# Integration problem

## Homework Statement

I was given that $$\int \frac{m}{mgsin\alpha-kv} dv = -\frac{m}{k}ln(mgsin\alpha-kv) + C$$

..but I can't 'see' how this was done.

## The Attempt at a Solution

My first thought is that this is somehow related to the fact that:

$$\int \frac{g'(x)}{g(x)}=ln \left|(g(x)) \right|$$

but I am still missing something to make this work.

All help appreciated.

$$\left\{\begin{array}{rcl}u&=&mg\sin \alpha -kv\\ {\rm d}v&=&-\frac{{\rm d}u}{k}\end{array}\right.$$

$$\Rightarrow \int \frac{m}{mg\sin \alpha -kv}{\rm d}v=\int -\frac{m}{k}\frac{{\rm d}u}{u}$$

Mark44
Mentor
$$\left\{\begin{array}{rcl}u&=&mg\sin \alpha -kv\\ {\rm d}v&=&-\frac{{\rm d}u}{k}\end{array}\right.$$

$$\Rightarrow \int \frac{m}{mg\sin \alpha -kv}{\rm d}v=\int -\frac{m}{k}\frac{{\rm d}u}{u}$$
Make that $$u&=&mg\sin \alpha -kv$$
and
$$}du&=&-\frac{{\rm d}u}{k}$$

Make that $$u&=&mg\sin \alpha -kv$$
and
$$}du&=&-\frac{{\rm d}u}{k}$$

I'm sorry, what?

Make that $$u&=&mg\sin \alpha -kv$$
and
$$}du&=&-\frac{{\rm d}u}{k}$$

Now I'm more confused... How can $$}du&=&-\frac{{\rm d}u}{k}$$ ?
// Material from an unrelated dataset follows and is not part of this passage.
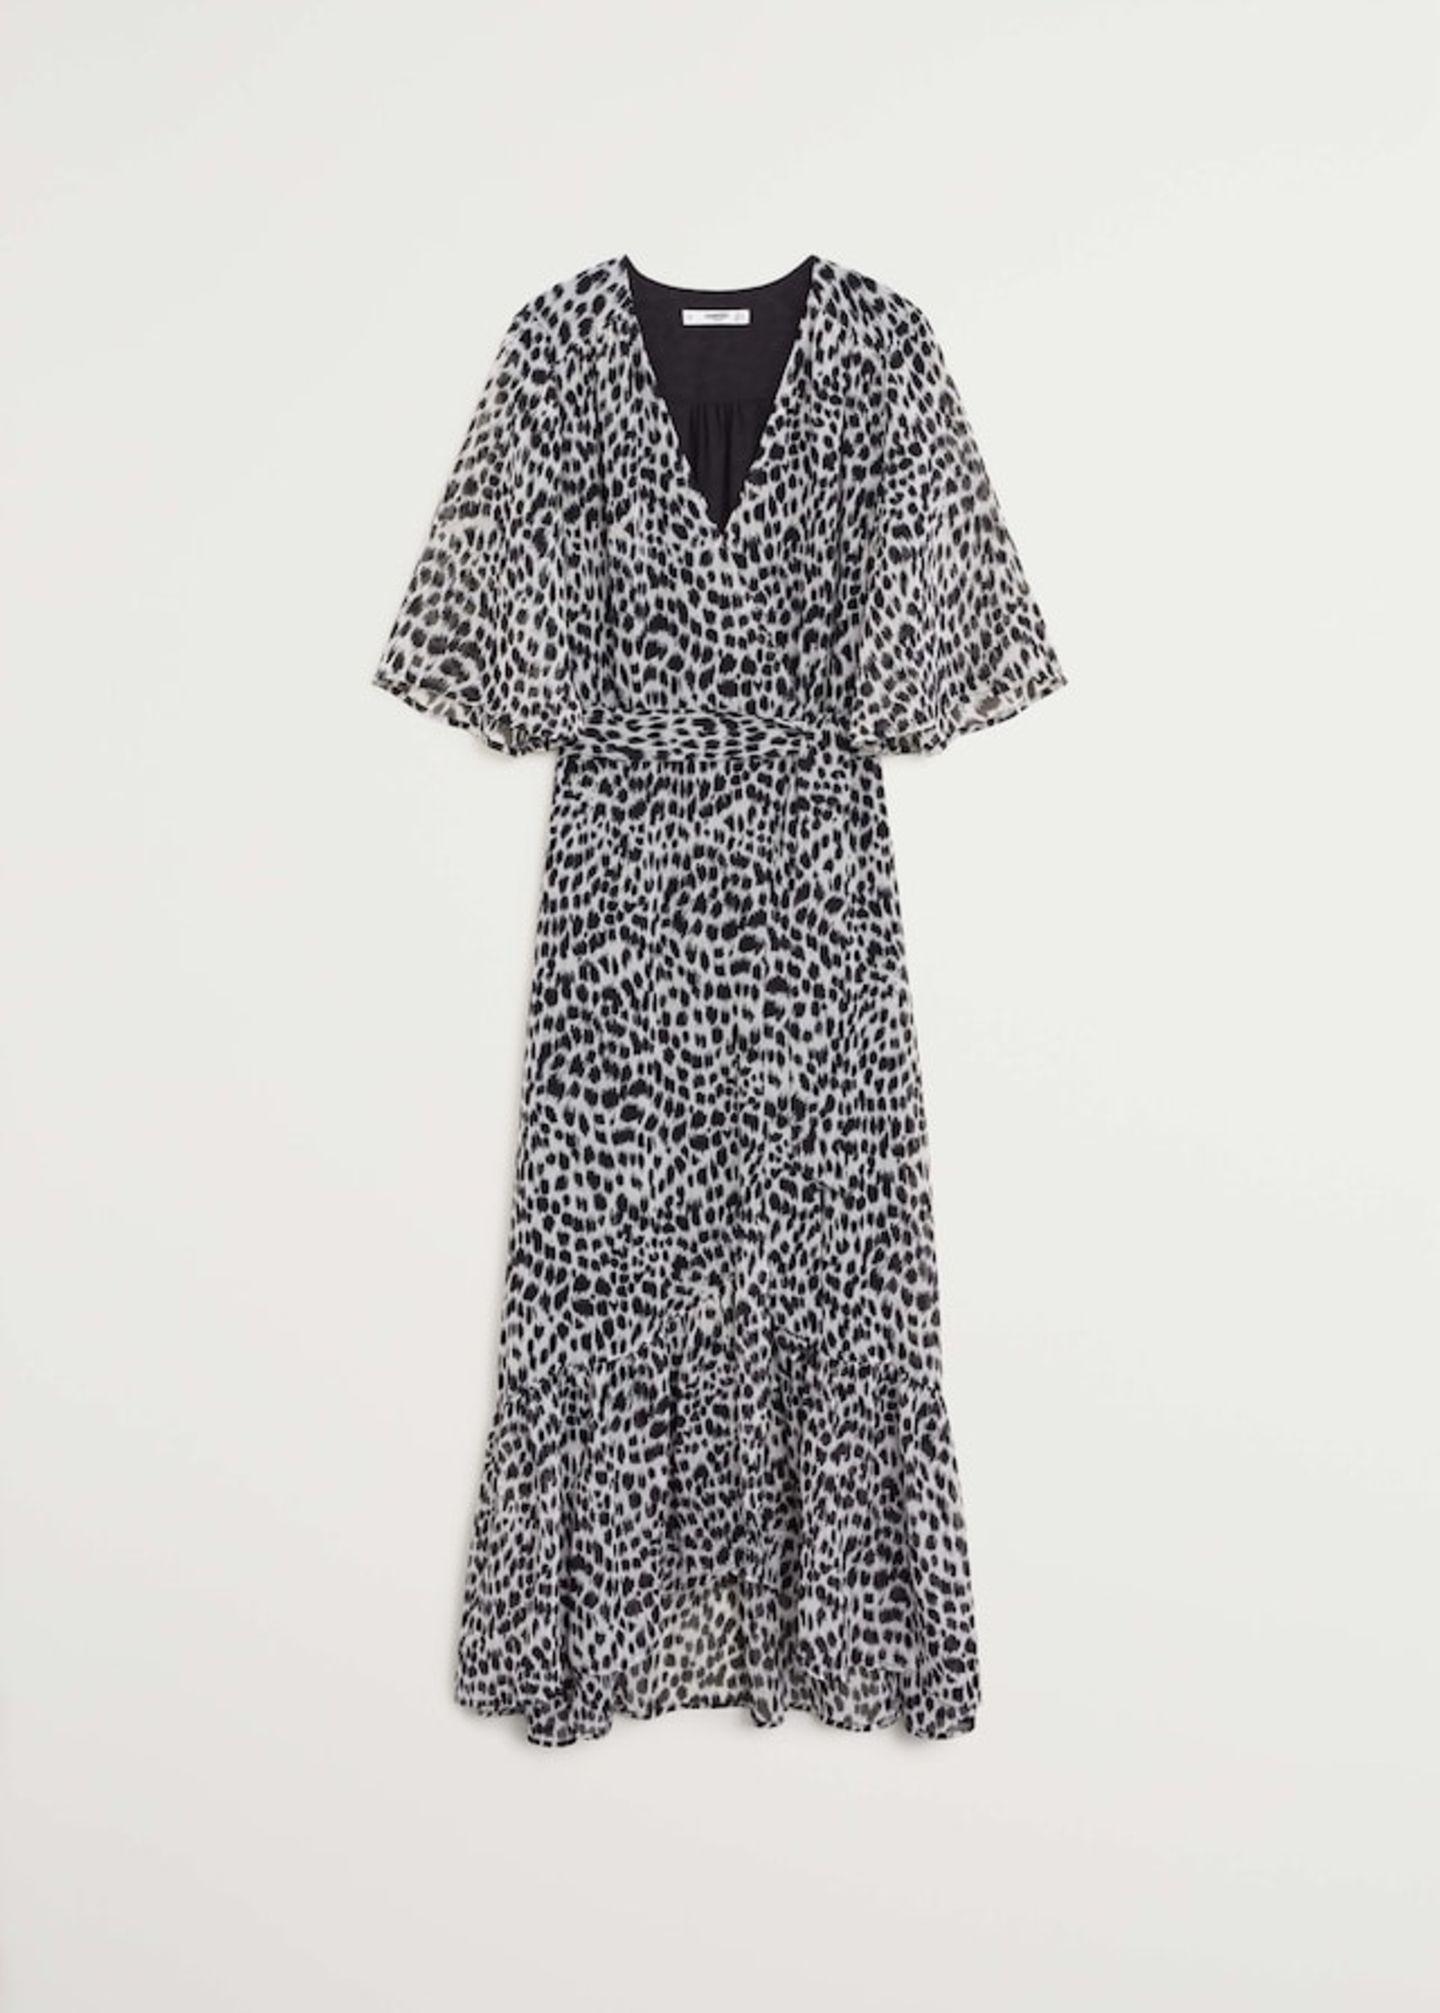 Ob Leo wohl irgendwann von der Mode-Bildfläche verschwinden wird?Wir hoffen nicht allzu bald und zumindest kommenden Herbst darf der beliebte Print noch unseren Kleiderschrank (und uns!) schmücken. Dieses Wickelkleid ist jedenfalls zu schön, um es nicht zu tragen. Von Mango, um 50 Euro.
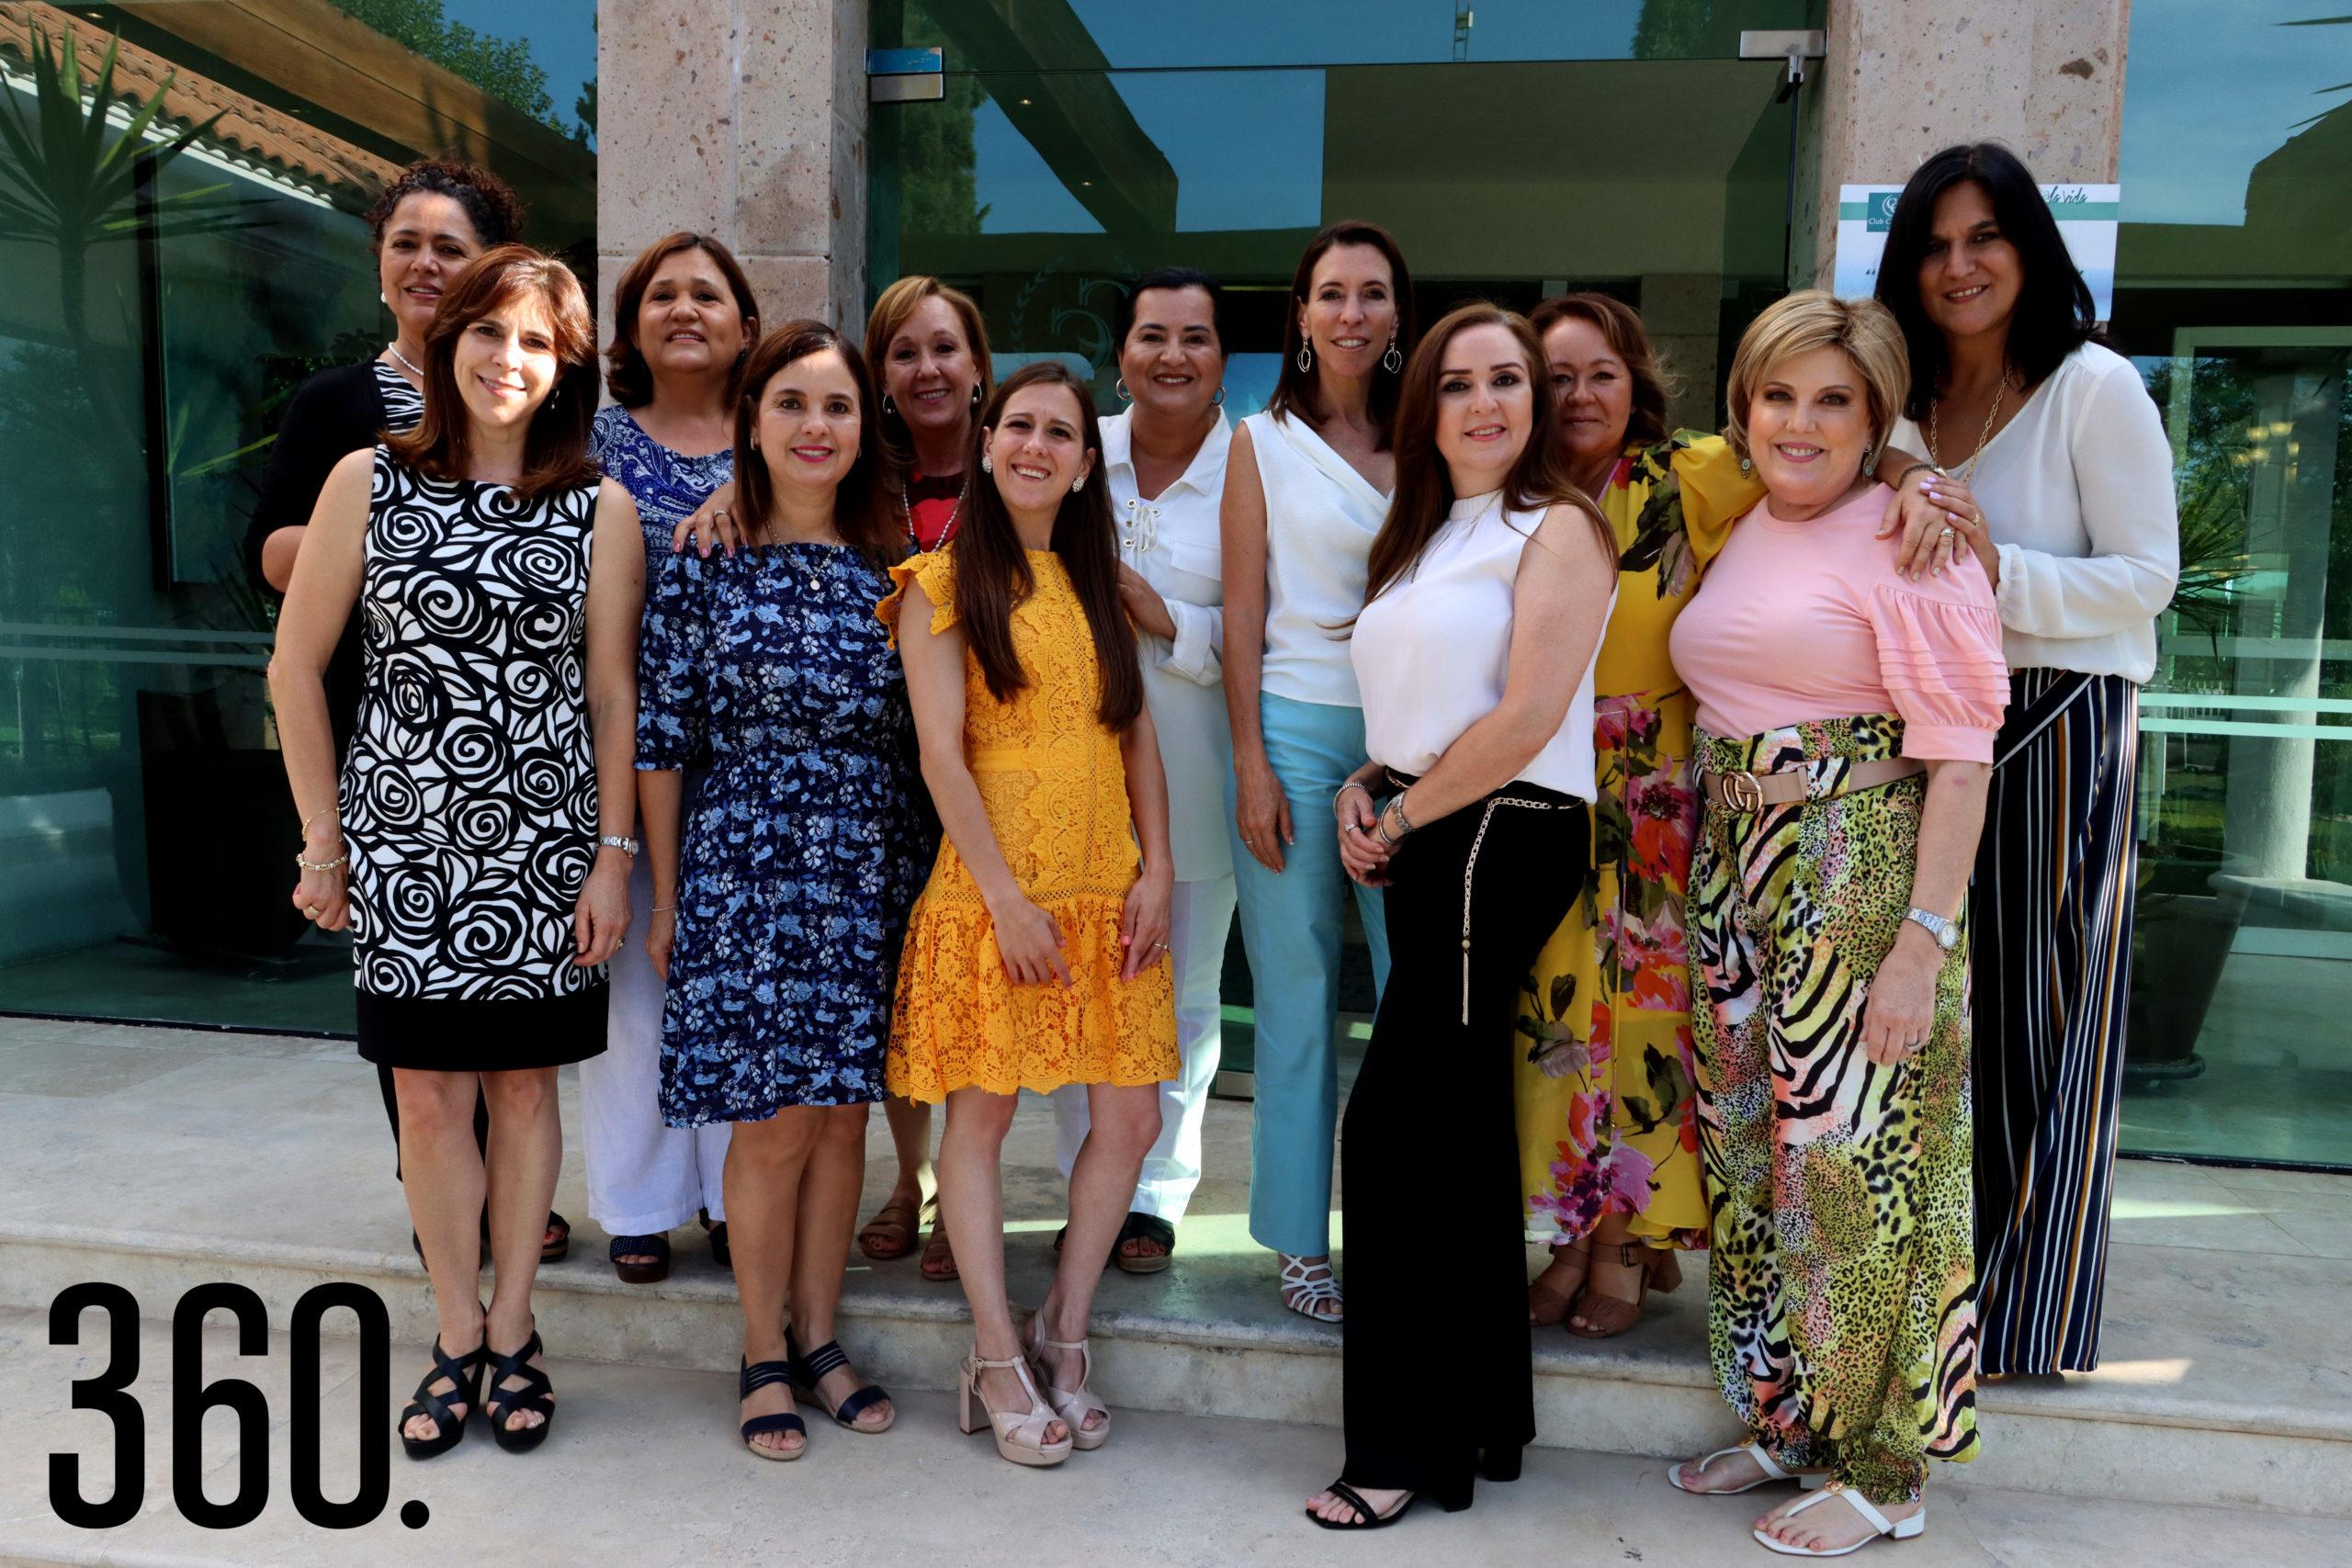 La festejada acompañada por las madres de sus amigas, quienes le organizaron la despedida de soltera.

Ignore Mark's statement. Donaldos' approach is correct.

Mark44
Mentor
I'm sorry, what?
Apparently you had two errors and I caught only one.
If
$$u&=&mg\sin \alpha -kv$$
then
du = -kdv

Apparently you had two errors and I caught only one.
If
$$u&=&mg\sin \alpha -kv$$
then
du = -kdv

Look again at his post. His answer is the same as what you have ;)

Mark44
Mentor
OK, I got it now. With variables that look so much alike, it would have been nice to have the intervening step.